### What this task involves
Restate word for word the section of the entries that opens at the line containing "BANDAI 22年1月 魂限定 HI-METAL R 龍騎2號機 官圖更新" and closes at the line containing "T-shirt Ester", both lines kept, pictures dropped.

:: Task material ::

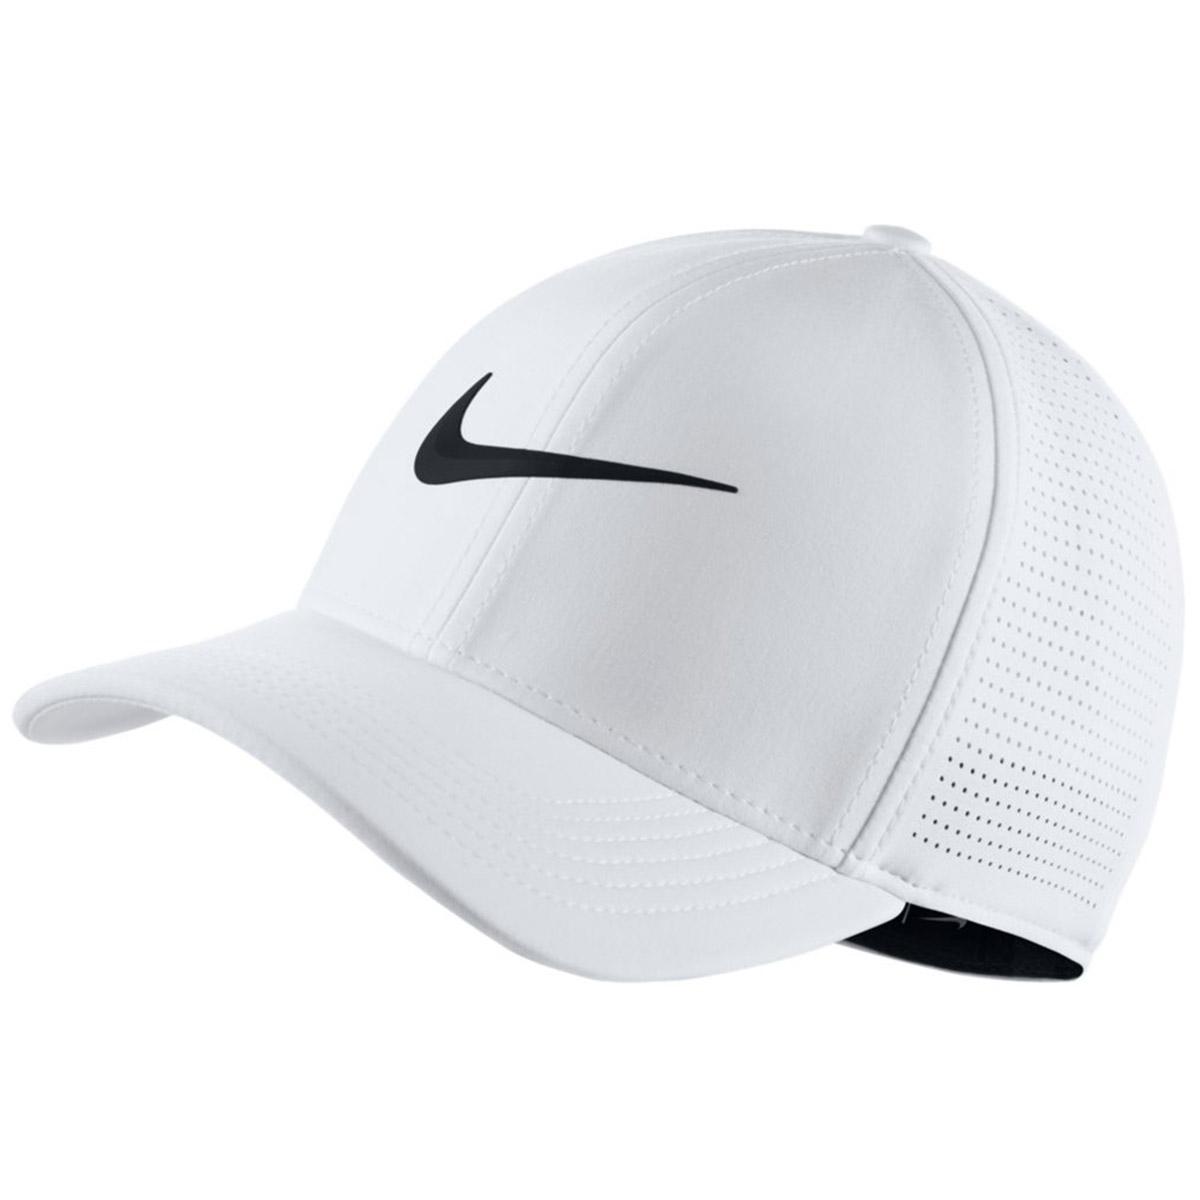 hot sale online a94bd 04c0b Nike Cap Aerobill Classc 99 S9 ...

:::
:: Task material ::

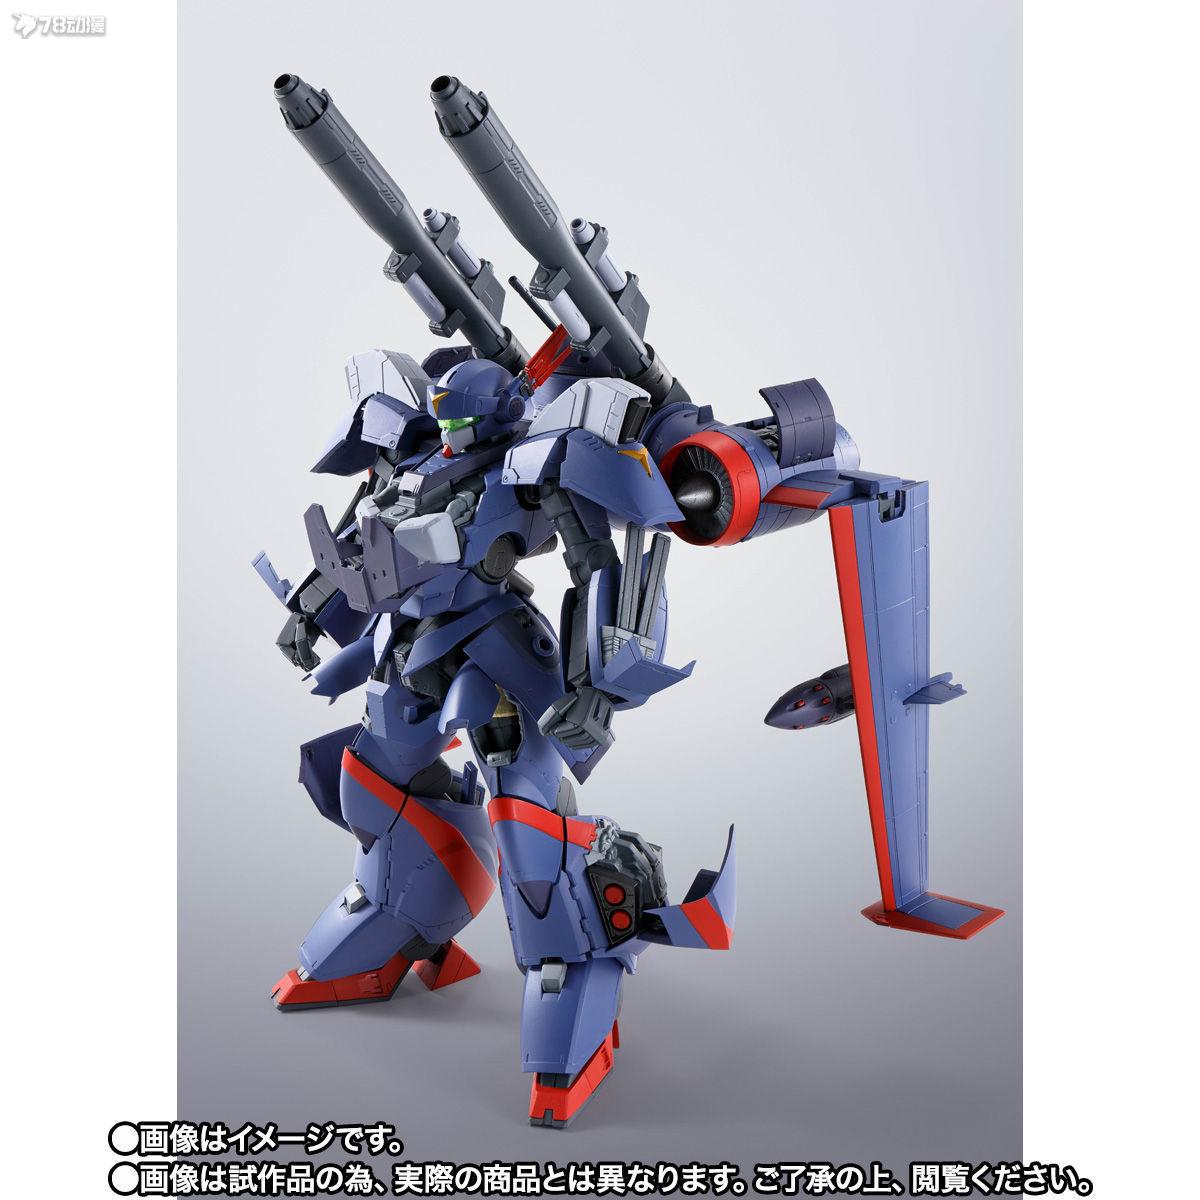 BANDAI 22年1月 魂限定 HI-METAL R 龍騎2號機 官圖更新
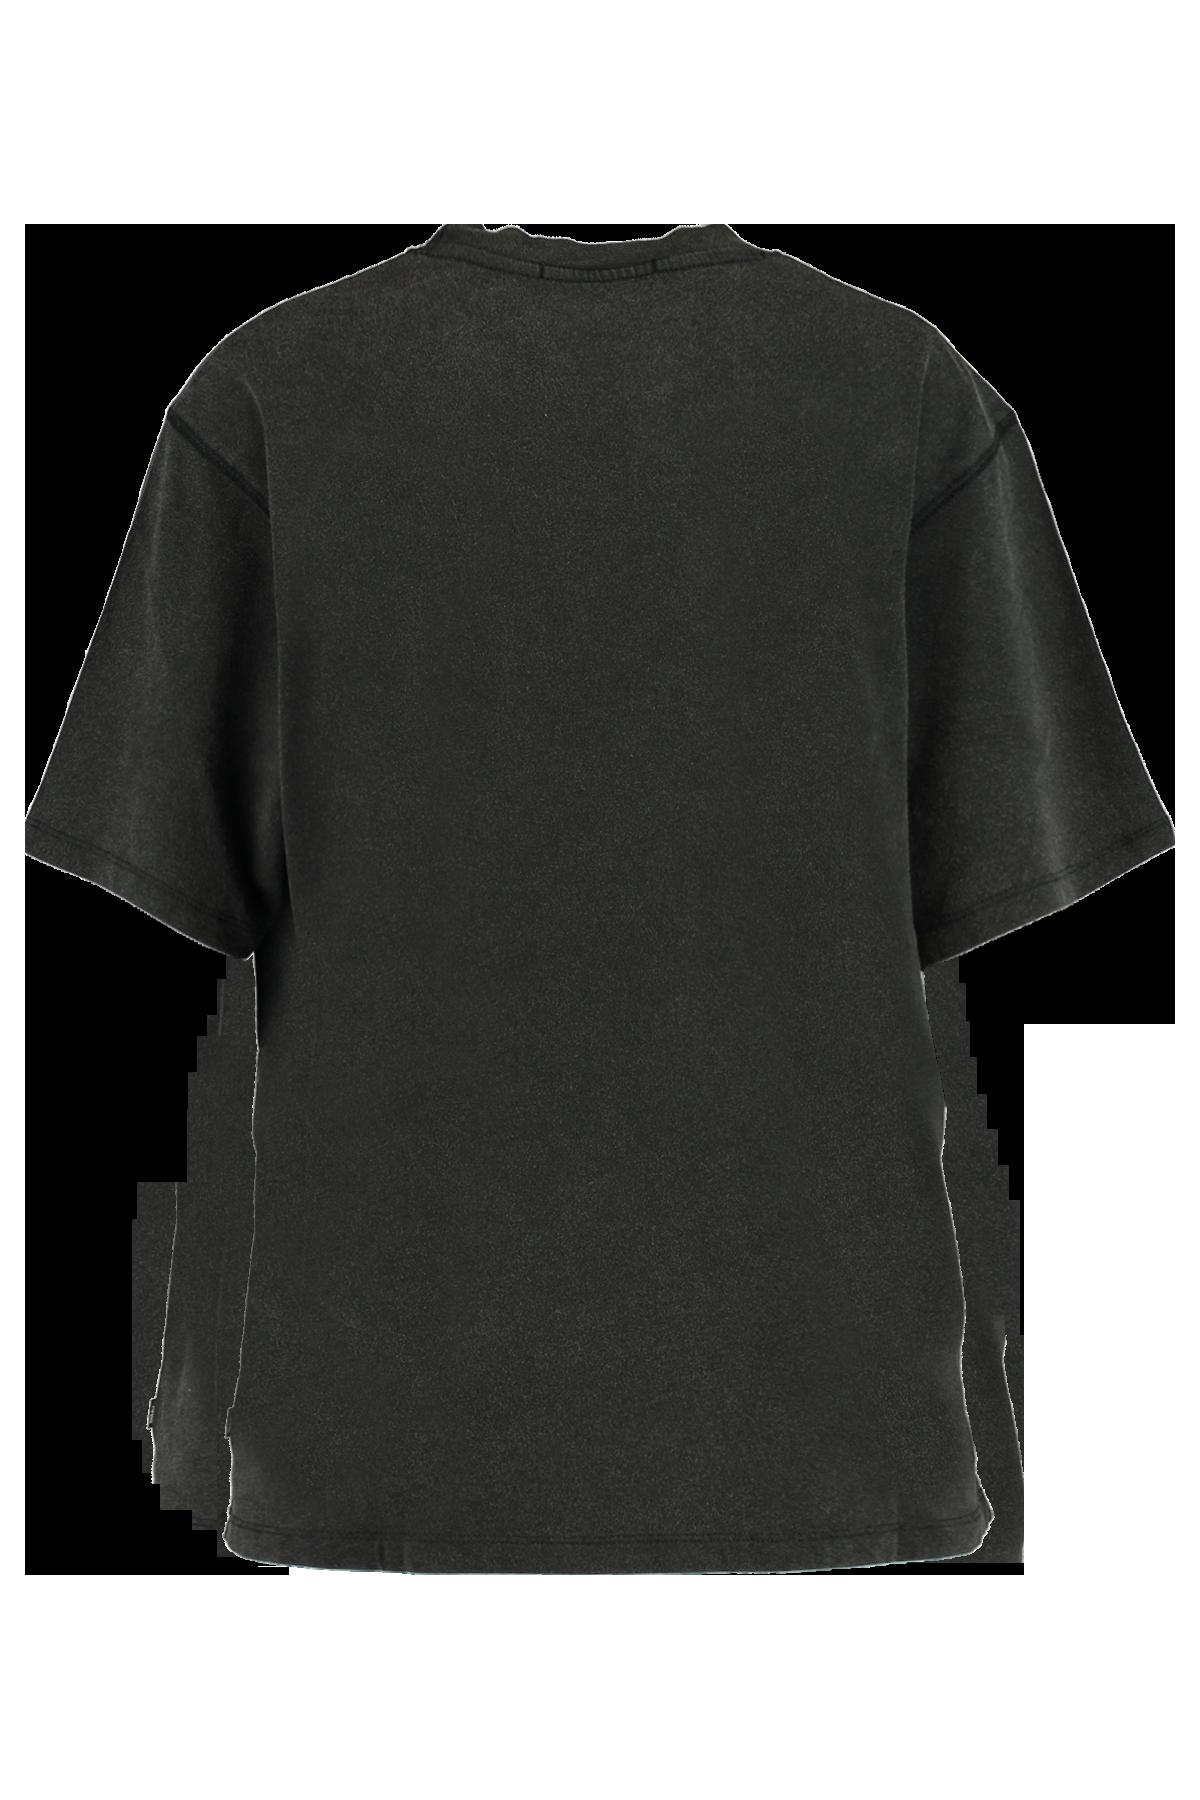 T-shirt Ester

:::

### Result of this exercise
 BANDAI 22年1月 魂限定 HI-METAL R 龍騎2號機 官圖更新
 T-shirt Ester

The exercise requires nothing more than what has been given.